A straightforward answer to the question that will provide good performance and localize cache-thrashing of host memory data structures to a small set of CPUs is to simply mask the output from the Indirection Table with the number of receive queues that are supported. For example, assume an implementation only supports four queues but the network adapter is installed on an eight processor system. In this case, masking the Indirection Table output means that the least-significant two bits are used. Thus all network traffic receive processing will be limited to CPUs zero through three if the BaseCPUNumber is set to zero. If the BaseCPUNumber was non-zero, then the resultant masked value is added to the BaseCPUNumber. Thus if the BaseCPUNumber was four, then CPUs four through seven would be used.
RSS Limitations
Receive-Side Scaling (RSS) requires a significant number of CPU cycles if the algorithm is implemented in software on the host CPU, because RSS is cryptographically secure. Thus a software implementation of RSS could make the system perform worse than if RSS were not enabled. As a result, implementations should not support RSS if the network adapter cannot generate the hash result.
The types of protocols that are received limit RSS load balancing. Load balancing on a per-connection basis is supported only for TCP. Depending on the hash type setting, other protocols such as the User Datagram Protocol (UDP), IPsec, IGMP, and ICMP are hashed on the source and destination IP address. For incoming packets that are not IP packets (for example, on Ethernet this would be a different EtherType than the one assigned to IPv4 or IPv6), the packets cannot be classified and will be handled in a fashion similar to the NDIS 5.1 method, where no hash value is set and all packets are indicated on a single CPU DPC.

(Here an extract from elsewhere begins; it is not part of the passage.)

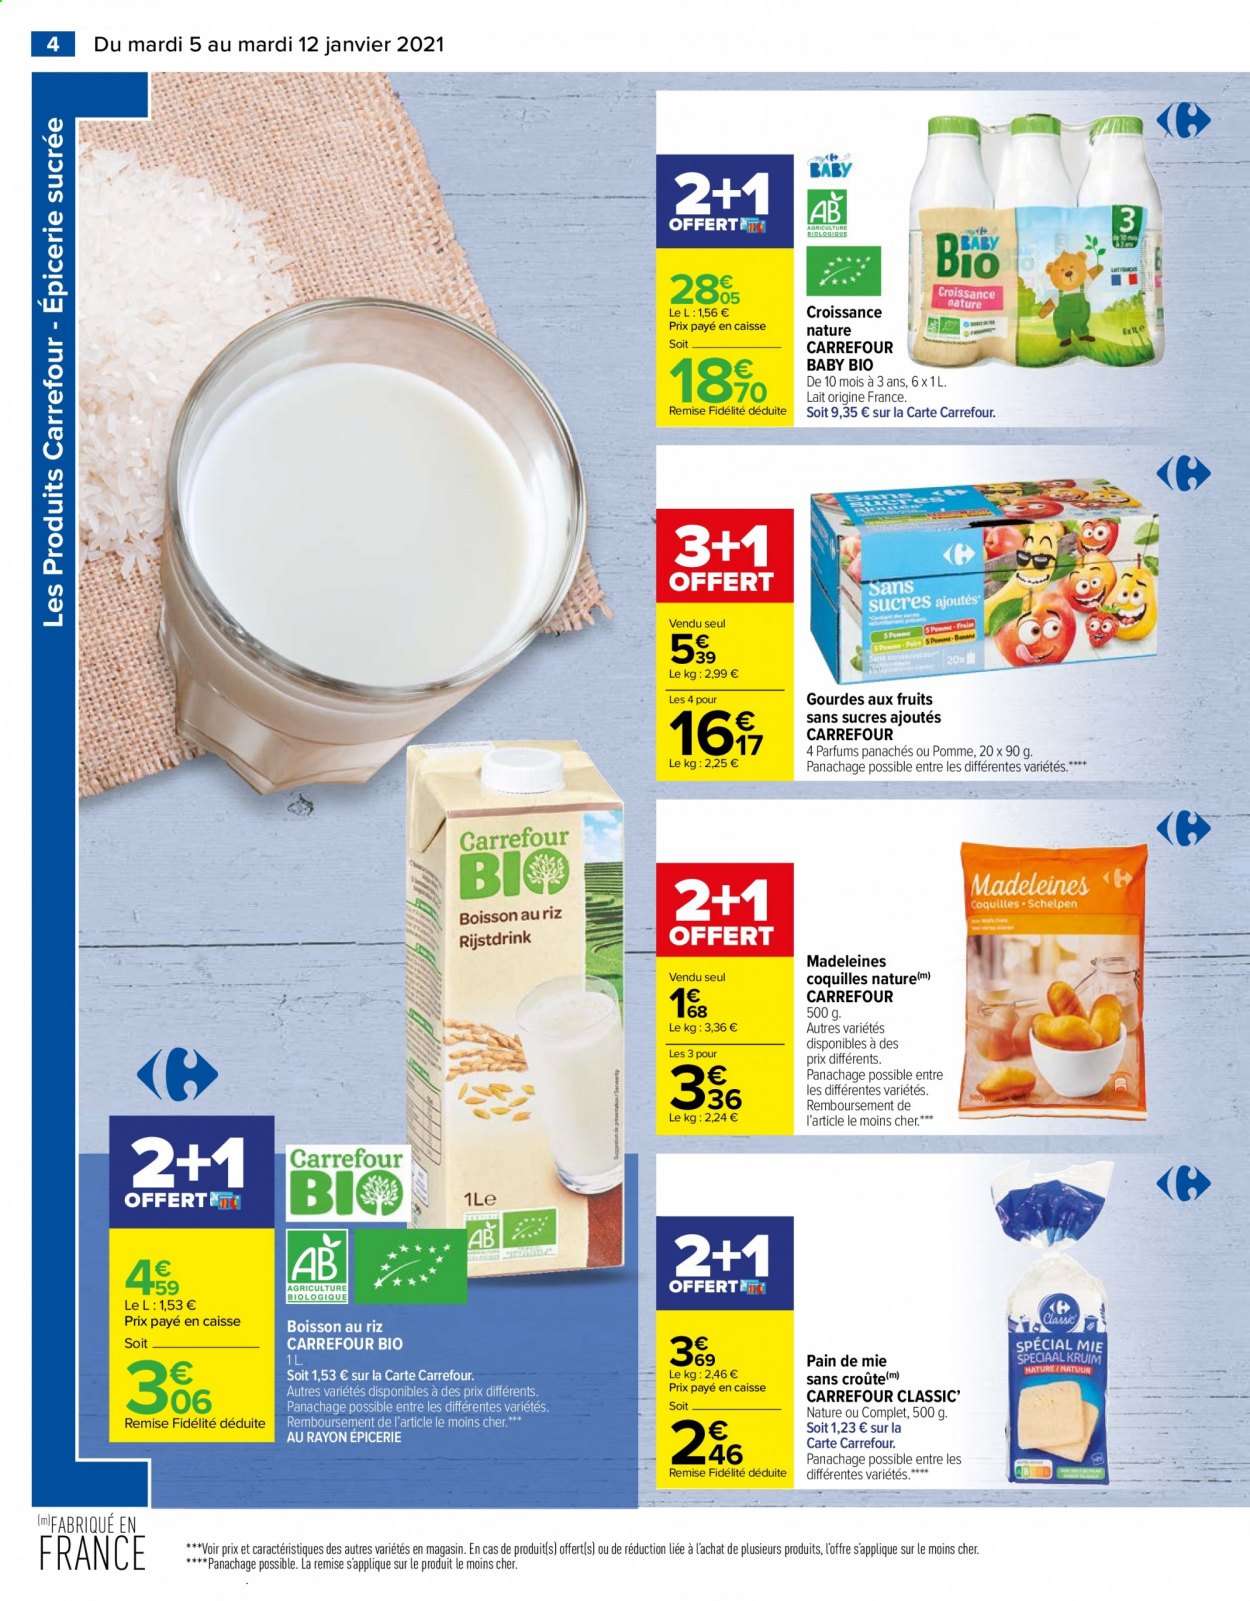 thumbnail - Catalogue Carrefour Hypermarchés - 05/01/2021 - 12/01/2021 - Produits soldés - gourde, pain, pain de mie, madeleines, lait, gourdes aux fruits. Page 4.

If an application is not running on the CPU that RSS has scheduled the receive traffic to be processed on, some cache optimizations may not occur. To eliminate this issue, a mechanism will be provided to allow the application to query the current processor that it should run on for best performance. If the application is not modified in this fashion, application performance on RSS is still expected to be significantly better than performance on the current NDIS 5.1 infrastructure. However, in extremely rare conditions on nonuniform-memory-access (NUMA) systems, the system administrator may want to disable RSS.

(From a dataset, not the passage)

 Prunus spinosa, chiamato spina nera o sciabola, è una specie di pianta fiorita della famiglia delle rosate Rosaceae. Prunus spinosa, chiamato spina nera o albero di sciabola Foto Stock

Finally, RSS may need to be configured on systems where network processing is restricted to a subset of the processors in the system. Systems with large processor counts (for example 16- and 32-way processors) may not want all processors simultaneously processing network traffic. In such cases, RSS should be restricted to a small subset of the processors. To limit hardware and software complexity, the administrator can restrict only processors ranges that start at zero and are a power-of-two number of processors. The RSS hashing must also go to a power-of-two number of processors. So for example, if the system is a seven-processor system, where the administrator wants to forbid CPUs 0 through 2 from participating in RSS, the administrator must instead restrict CPUs 0 through 3. Because the number of RSS CPUs must be a power of two, only CPUs 4 and 5 can be used. (CPU 6 will not be used by RSS either.)